### DATA SECTION
- - -
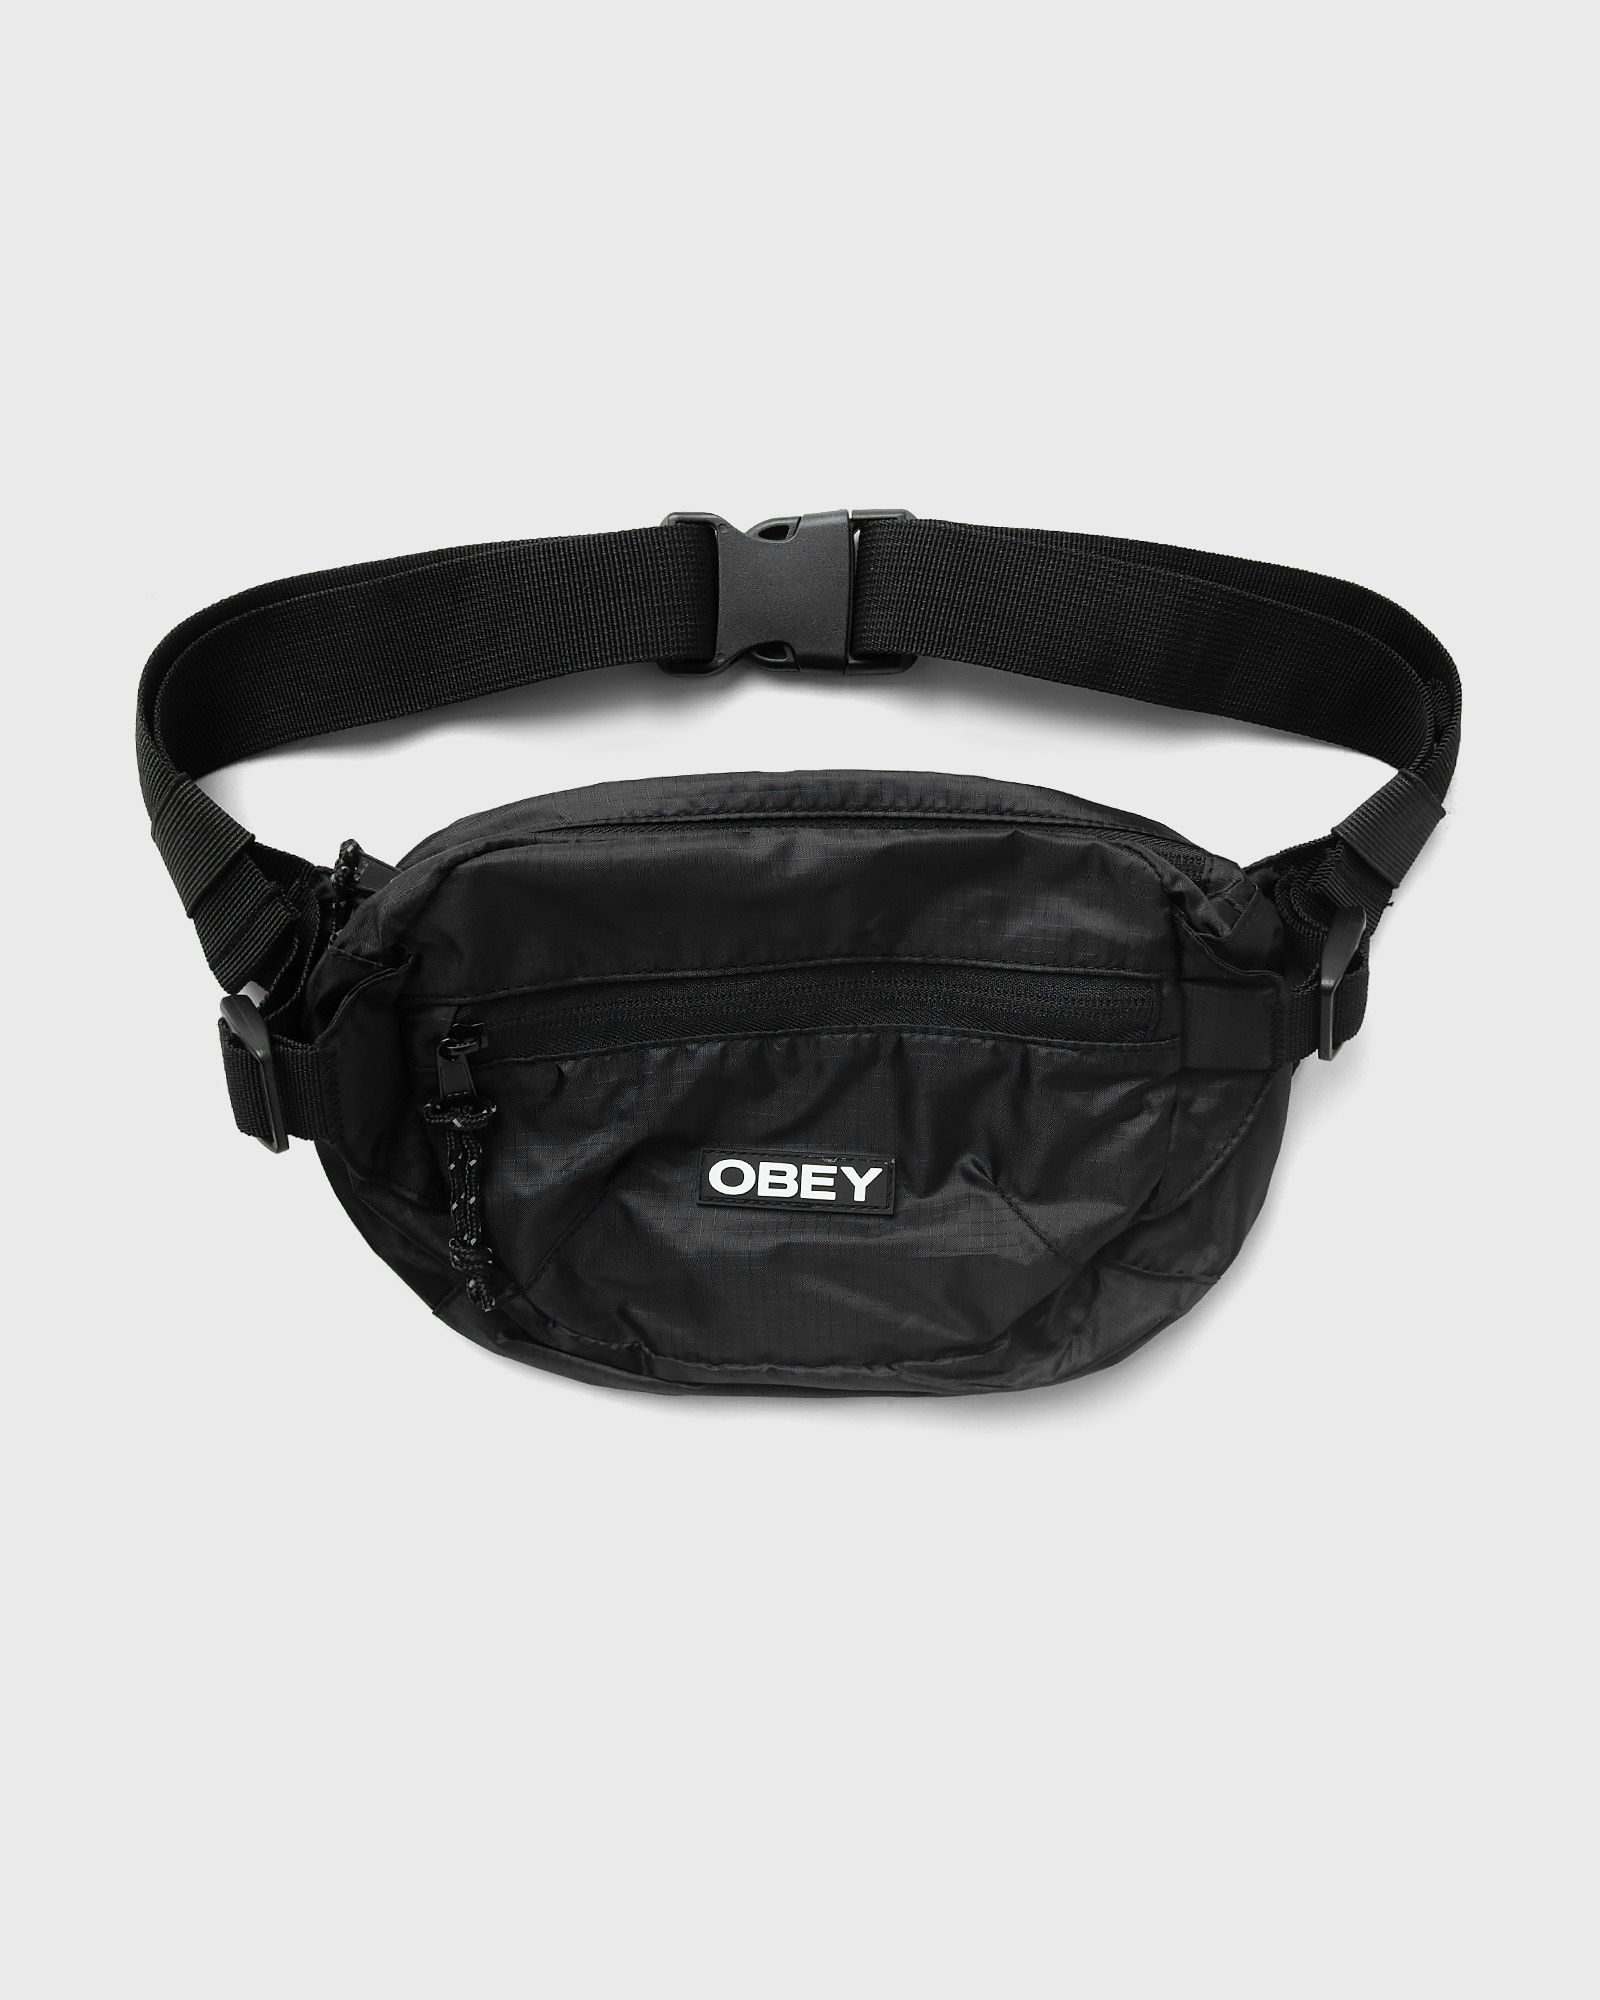 Obey - commuter waist bag men messenger & crossbody bags black in größe:one size
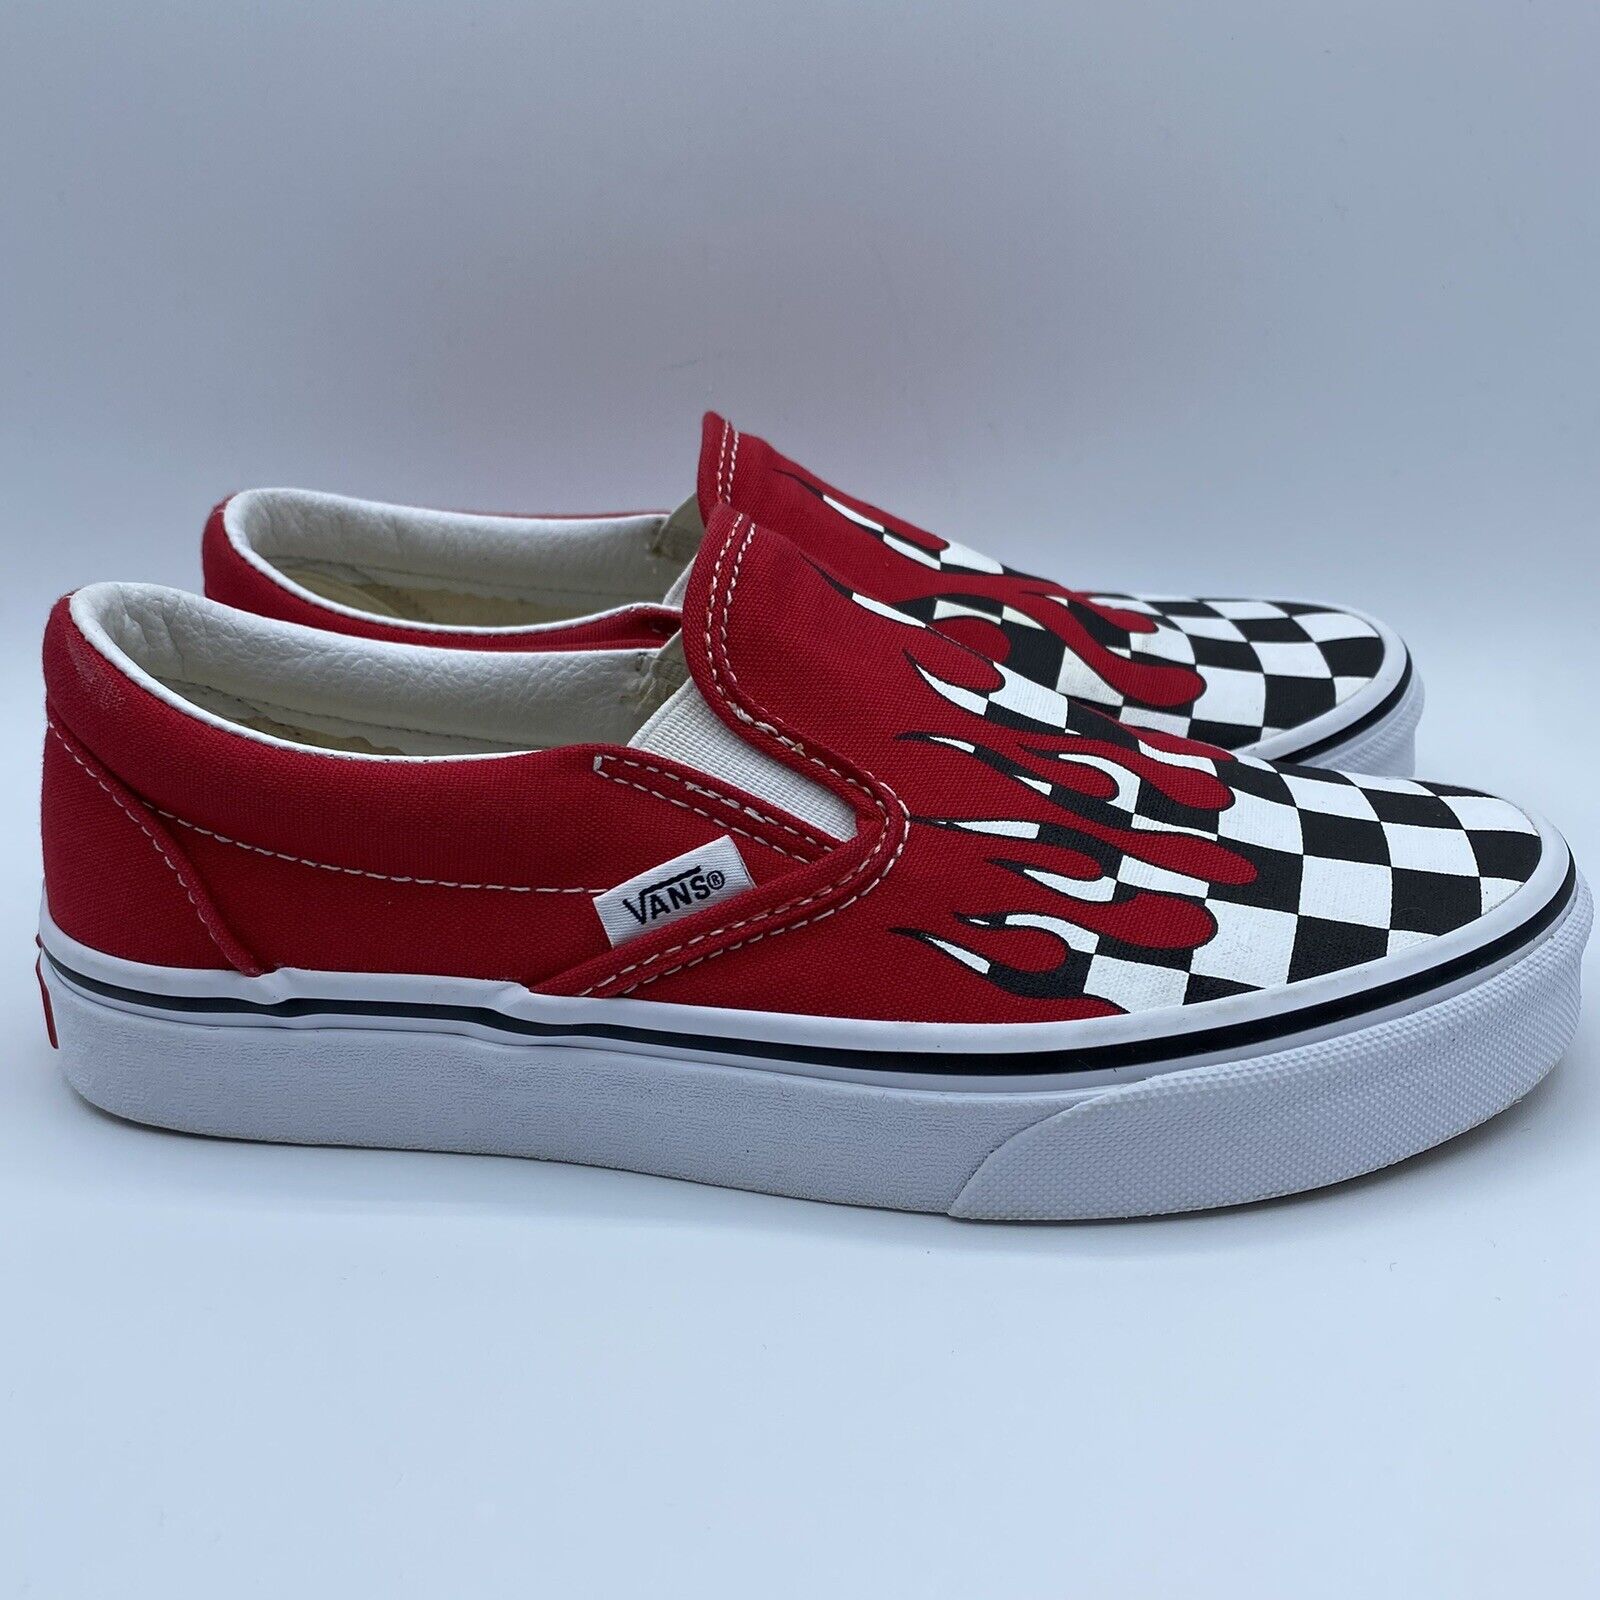 Vans Classic Slip-On Skate Shoes Max 41% OFF Women's Size Alternative dealer Flames Checkered 6 Red Black White
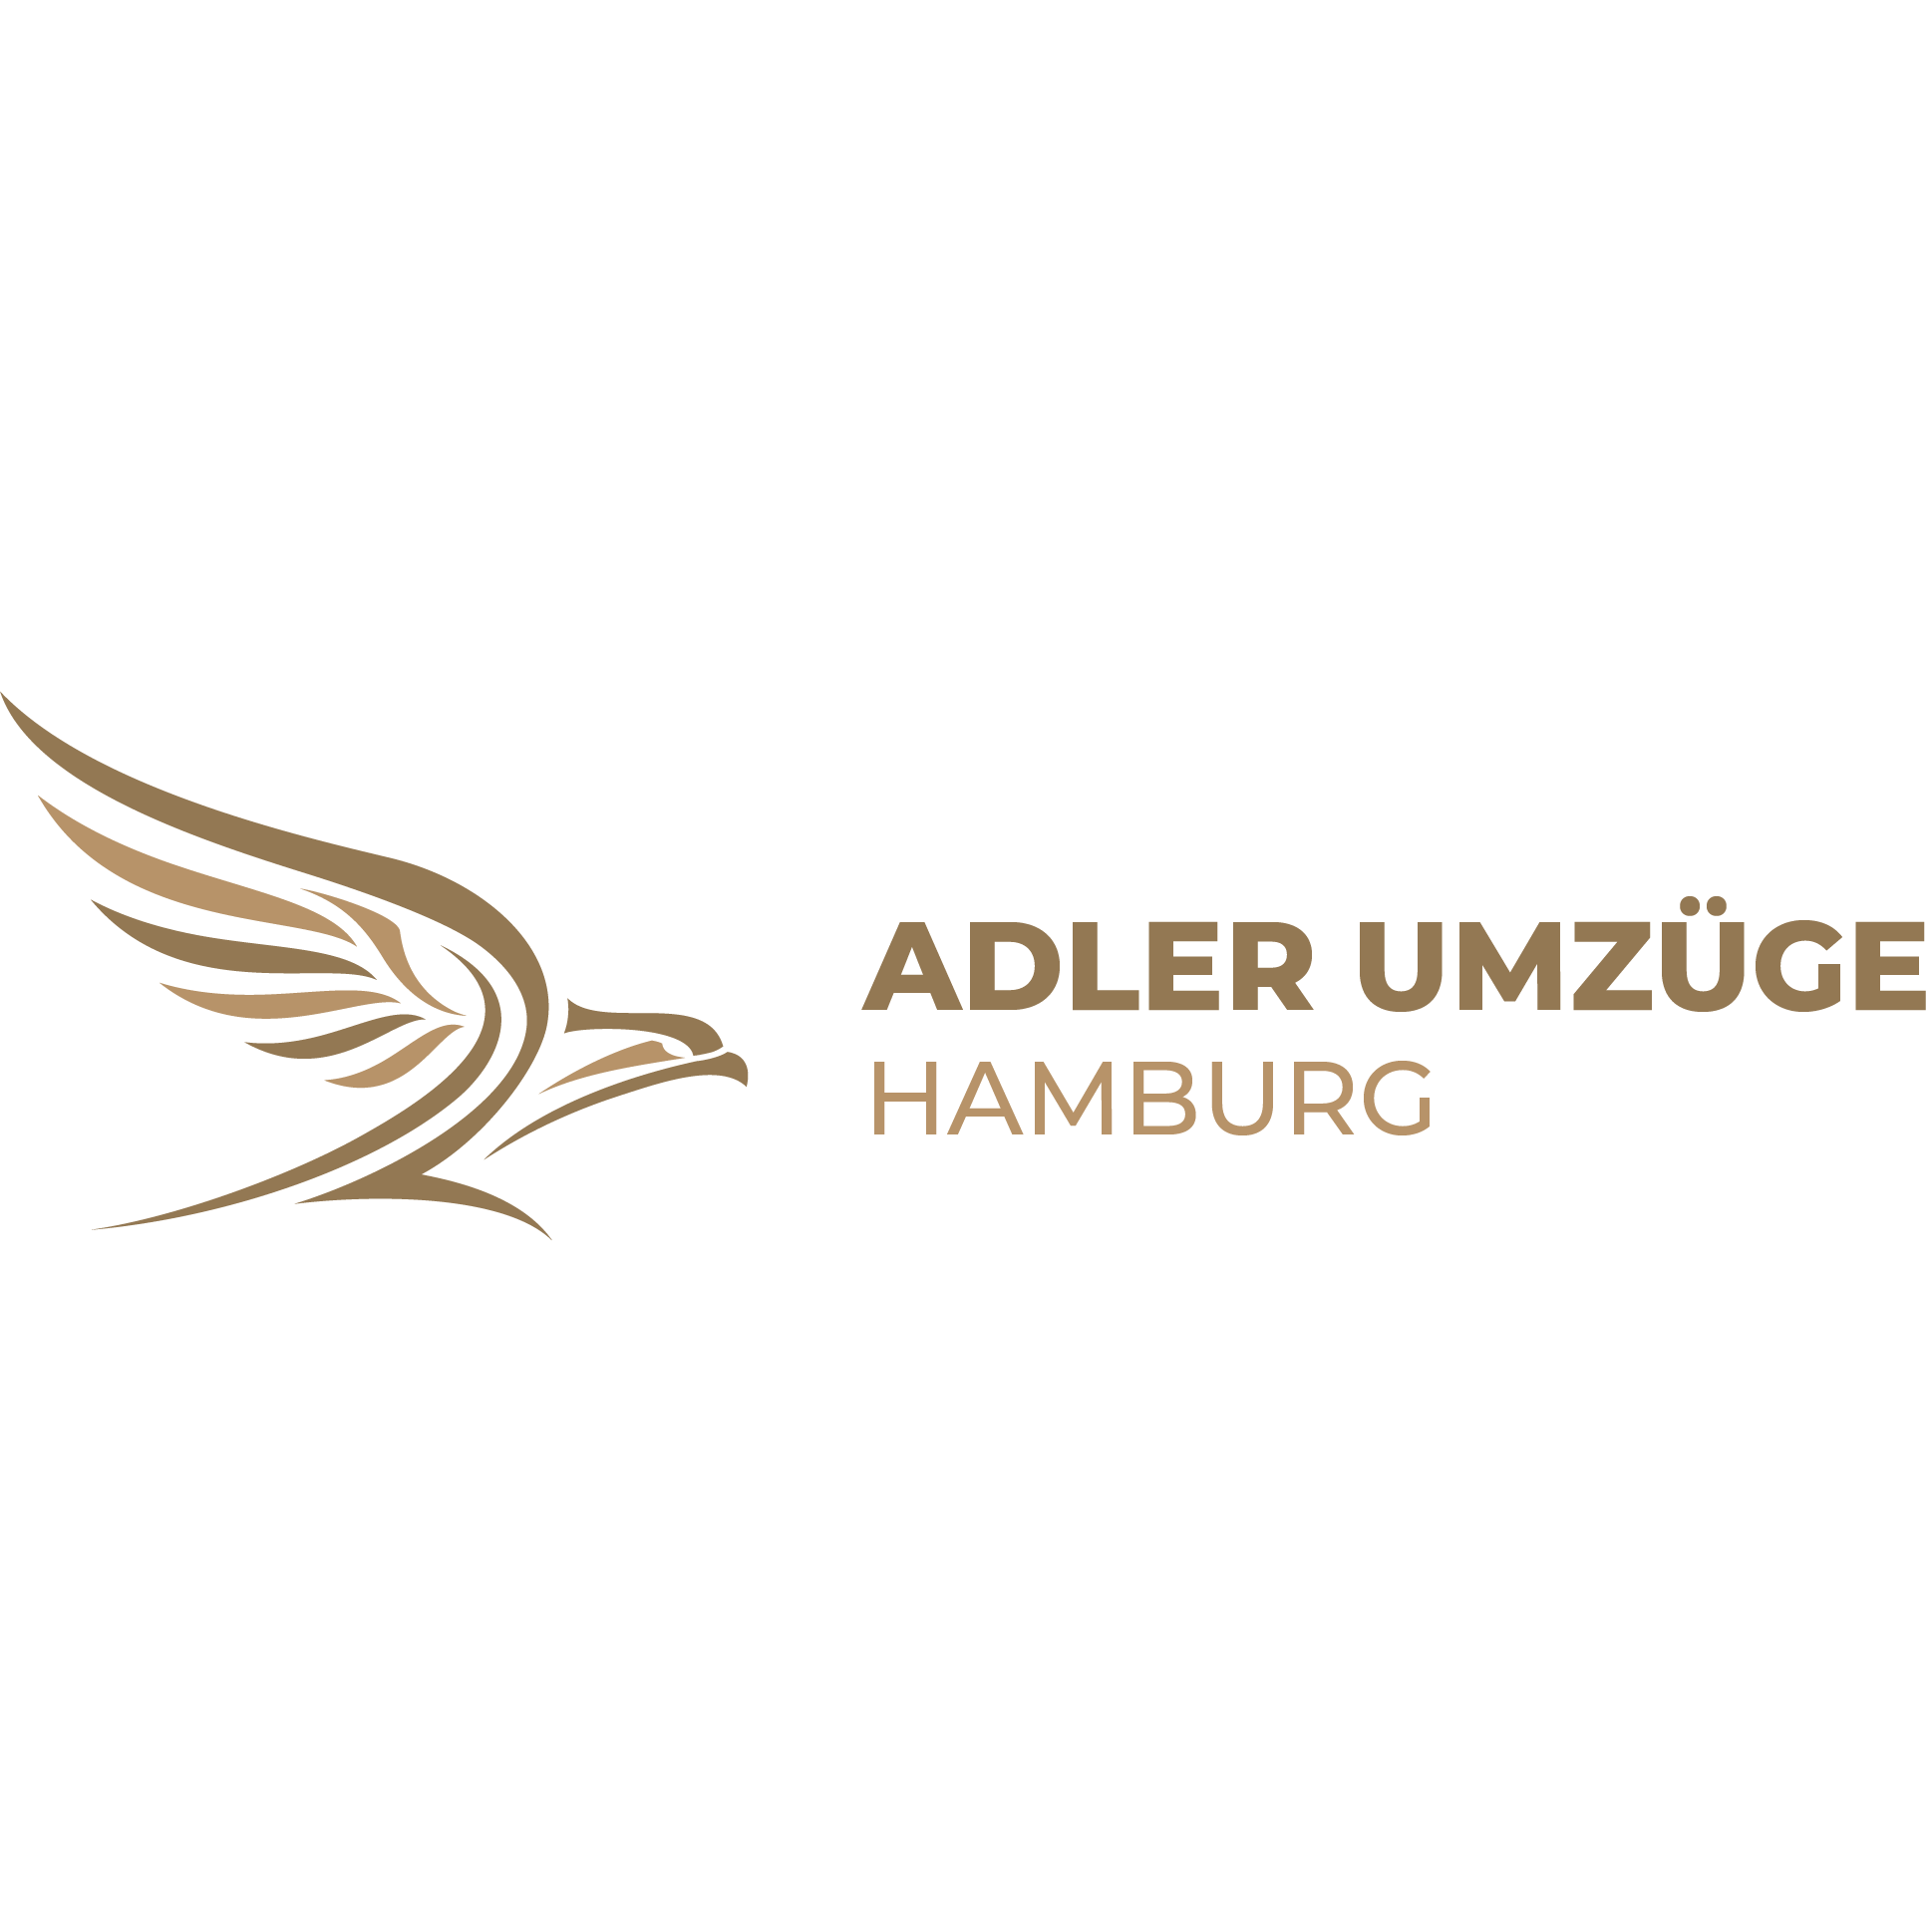 Adler Umzüge in Hamburg - Logo
- - -
### WHAT THE TASK ASKS
The whole listing above is to be repeated exactly, apart from its pictures.

### EXERCISE ANSWER
 Obey - commuter waist bag men messenger & crossbody bags black in größe:one size
 Vans Classic Slip-On Skate Shoes Max 41% OFF Women's Size Alternative dealer Flames Checkered 6 Red Black White
 Adler Umzüge in Hamburg - Logo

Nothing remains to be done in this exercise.